I shrug. ‘Yes,’ I admit. ‘But I think she’s right. I mean, look at you and Kit. You waited.’
Jessa smil
es to herself like she’s guarding a secret.
‘I don’t want a one-night stand again. I want something . . . more romantic. I want to be someone’s girlfriend, not someone’s bootie call. For once.’
Jessa nods at me. She gets it.
‘How did you know Kit was the one?’ I ask her, flopping onto the bed beside her.
She tosses her script aside and grins at me. ‘I just did.’ She stops smiling and a sudden dark shadow passes over her face. ‘Without him, nothing made sense. I missed him so much I honestly thought I might die from it.’ She laughs sadly, shaking her head. ‘God, you remember what I was like.’
I nod. I do. I remember it clearly – I remember her sobbing uncontrollably for days after we got the news, having to force her to eat and get out of bed in the morning, the black days that marched on for months, the blank expression on her face like she was lost and didn’t know how she would ever find a way out of the darkness.
‘And it’s not like he completed me or anything,’ she says now. ‘I’m not going all Jerry McGuire here, but I missed the me that I was when I was with him. Does that make sense?’
I nod. I remember how quiet and introverted Jessa was and how Kit brought her out of her shell, made her believe in herself.
‘It’s like he made me a better person,’ she goes on, ‘and I didn’t know how to be that person without him around.’ She glances at me. ‘That’s totally cheesy, isn’t it?’ she says with a grin. She holds up her script. ‘Oh my God, if acting fails, I could always write scripts for a living.’

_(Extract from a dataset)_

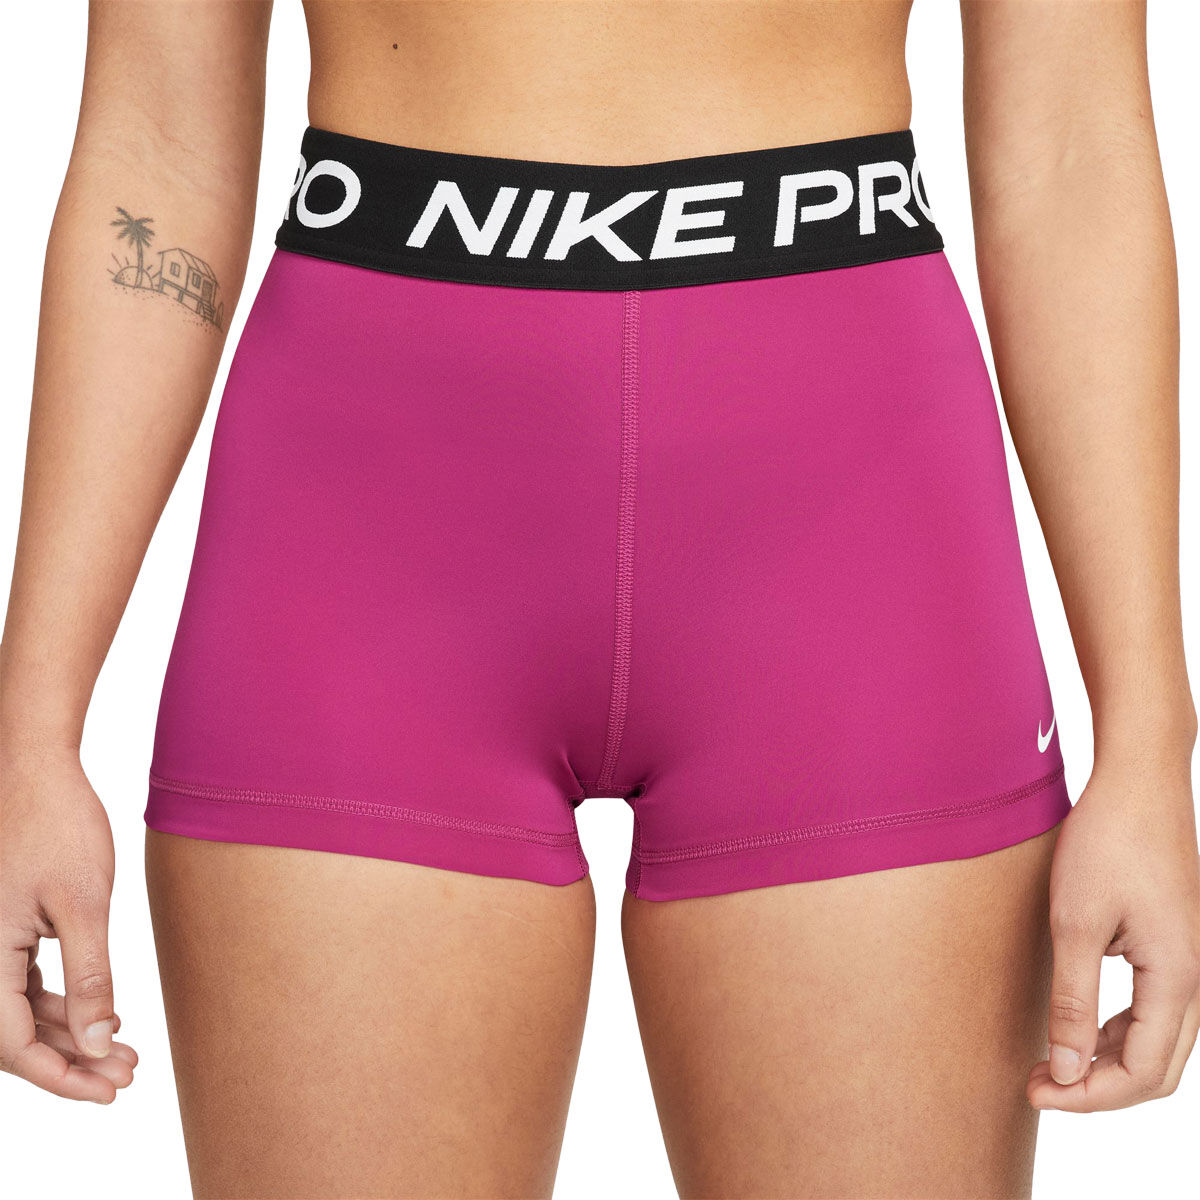 Nike, Shorts, Matching Pink Nike Pro Drifit Workout Set Sports Bra And  Spandex Shorts

I laugh too. But then her expression turns serious again. ‘Kit used to say that I was his north star. It’s the one they teach soldiers to navigate by,’ she explains when I look at her bemused. Her voice chokes up a little. ‘He used to say that I was the reason he would make it home.’
I clutch my stomach, feeling guilty for laughing. ‘Oh my God. That is so romantic.’
I think about the flowers Zac sent me and bite my lip.
Jessa laughs under her breath, but I catch the flicker of sadness in her eyes. ‘I think that pretty much sums up what love is, though. It’s the person you always want to come back to. I’ve thought about this a lot, and I don’t think home is a place. I think it’s a person. And when you find home, the place you feel the safest, the place you go to for shelter and where you can be fully yourself, then you know you’re in love, really in love, not just infatuated or head over heels in lust.’